NCBI's Protein Database
Go to the NCBI home page at:
Select the Protein database from the pull down menu above the search box or from the Popular Resources box on the right of the page. Enter your search terms in the search box. This guide uses the example of microtubule-associated protein tau in rat. For this sample search, use the terms "MAPT AND rat[organism]" in the search box.
- See the number of results
- Choose Limits or Advanced Search to refine your search results
- Choose only reference sequences by selecting RefSeq from the right side filtering box
- Link to the suggested gene records by using links in the Gene results box above your results list
- Run BLAST or create a multiple alignment of all sequences in your results using COBALT (COBALT is only available for Protein database results)
Choose the reference sequence result by either clicking on RefSeq then on the description on the next page, or by clicking on the description for the second result: microtubule-associated protein tau [Rattus norvegicus]
You are now viewing the NCBI Protein record for tau in rat. Use the links on the right side of the page to link to relevant information on this particular protein.

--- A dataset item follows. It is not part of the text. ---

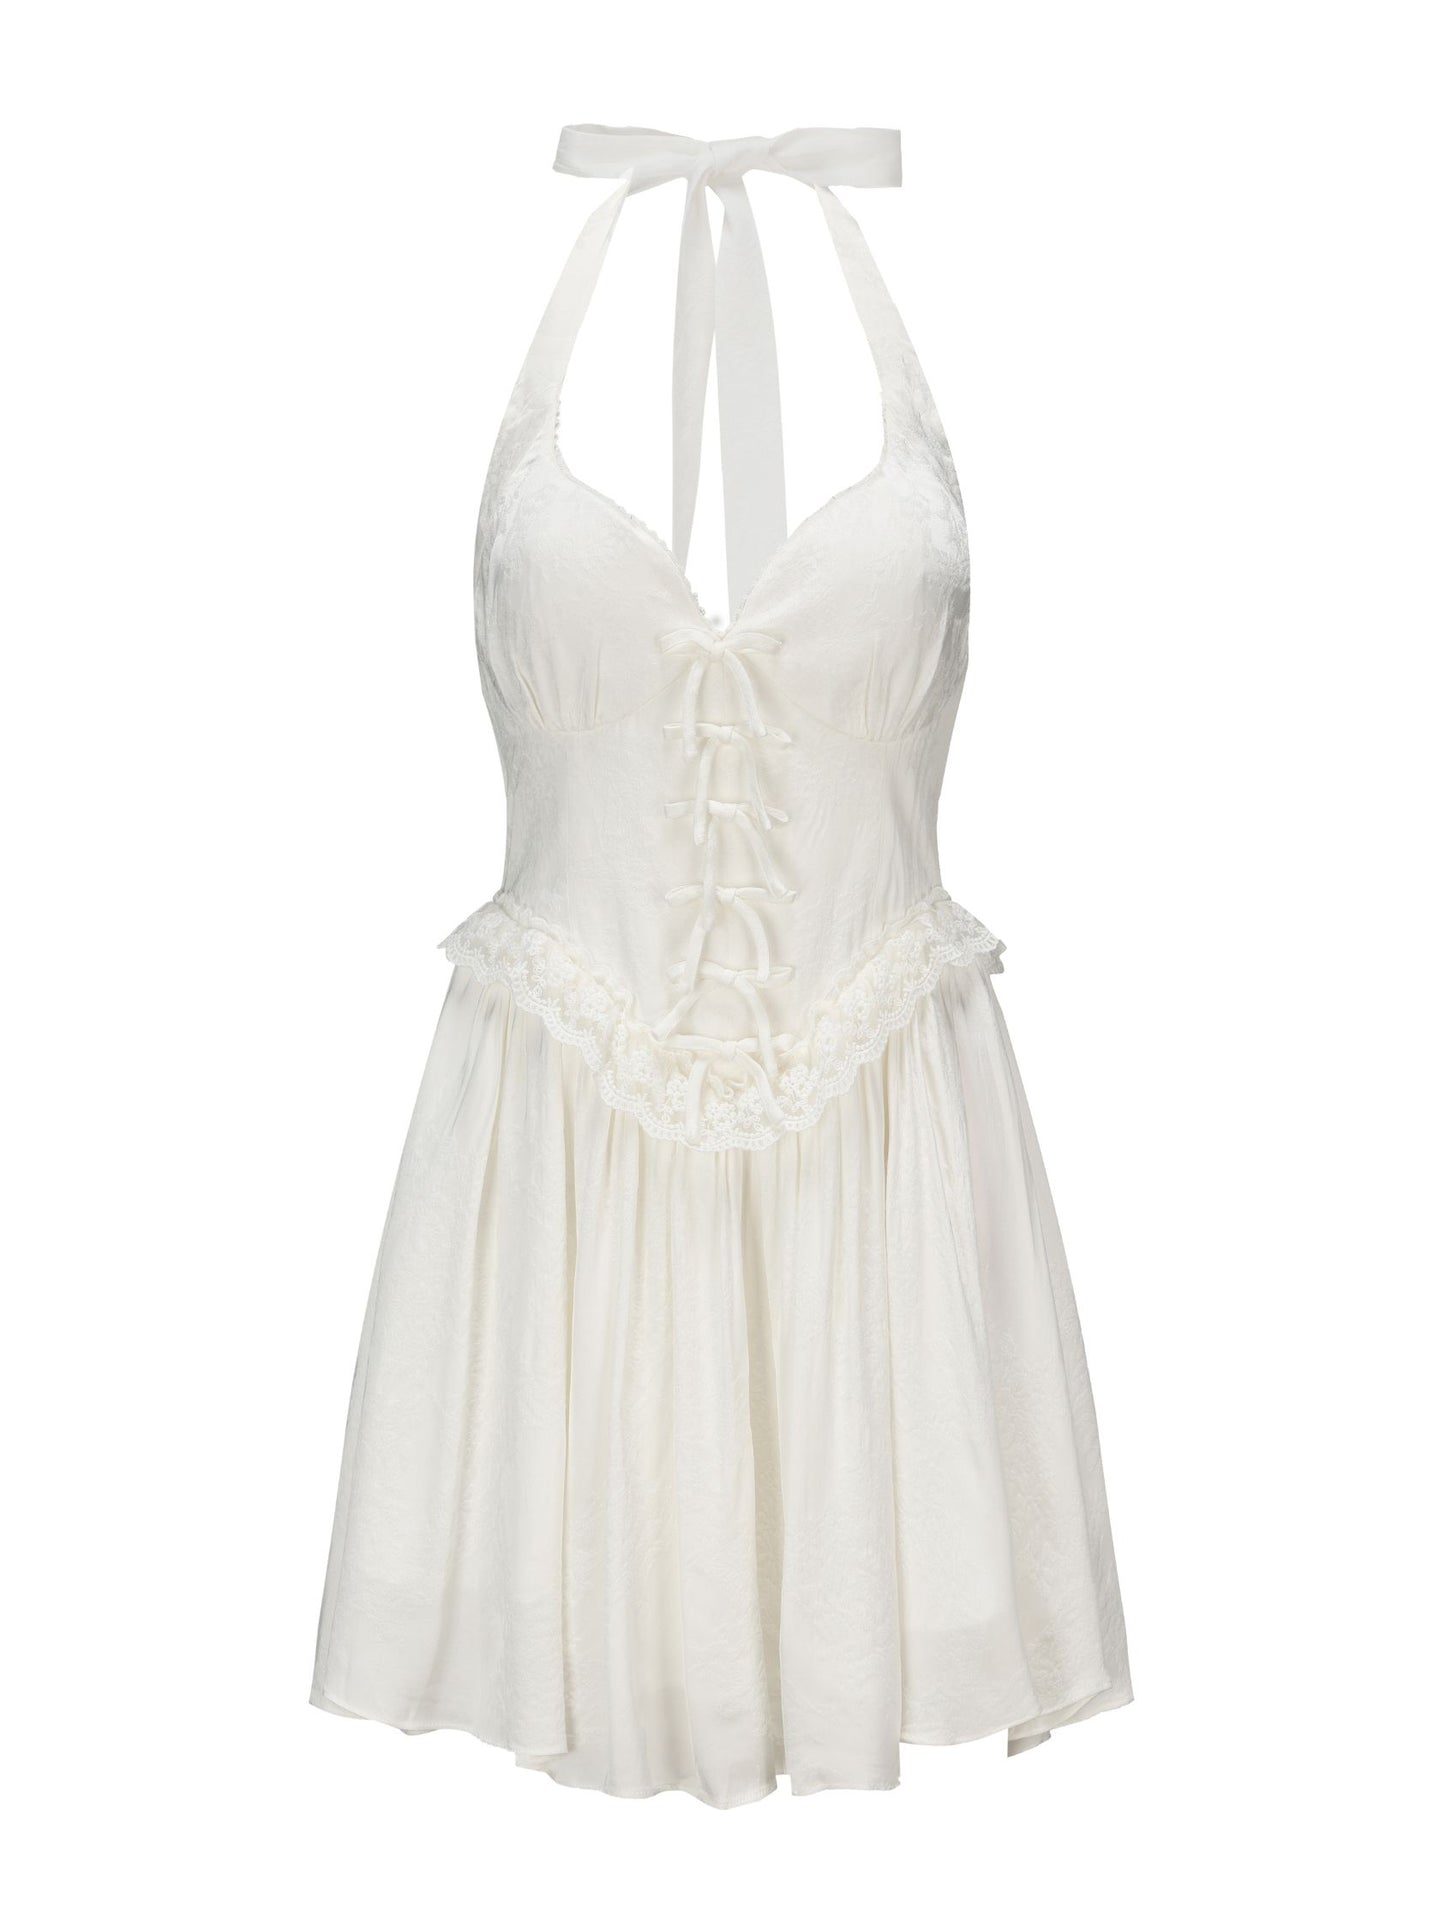 Allie Dress (White)

- Link to manuscripts in PubMed dealing with your protein
- View your protein's coding gene's involvement in pathways in NCBI's BioSystems database
- View identical proteins or homologous genes in other species
- Link to the RefSeq mRNA record
- Link to external sources of antibodies or cDNA clones for your protein
- Link to other related records using the All links from this record list
- Note: If a structure exists for the protein record you are viewing, there will be a Structure link in this list. If there is a structure to a protein that bears some sequence similarity to your protein, you will see a Related Structures link.
- Link to conserved domains by clicking on the Identify Conserved Domains link in the Analyze this sequence section near the top right of the protein record view
Click the Identify Conserved Domains link.
The NCBI Conserved Domains Database (CDD)
On the Conserved Domains page, you will see all of the regions of your protein that map to one or more conserved domains in NCBI's Conserved Domains Database. These domains are curated from the Pfam, SMART and COGs databases of protein families.
- Click on the colored bars aligned to the query sequence in the graphic to view your query aligned to that specific domain
- Click on the plus signs (+) to expand each domain hit region to see your query sequence aligned to a consensus sequence for that domain family
- Click on Search for similar domain architectures to open the Conserved Domain Architecture Retrieval Tool (CDART), which will retrieve all sequences in NCBI's protein database that have a predicted match to this domain.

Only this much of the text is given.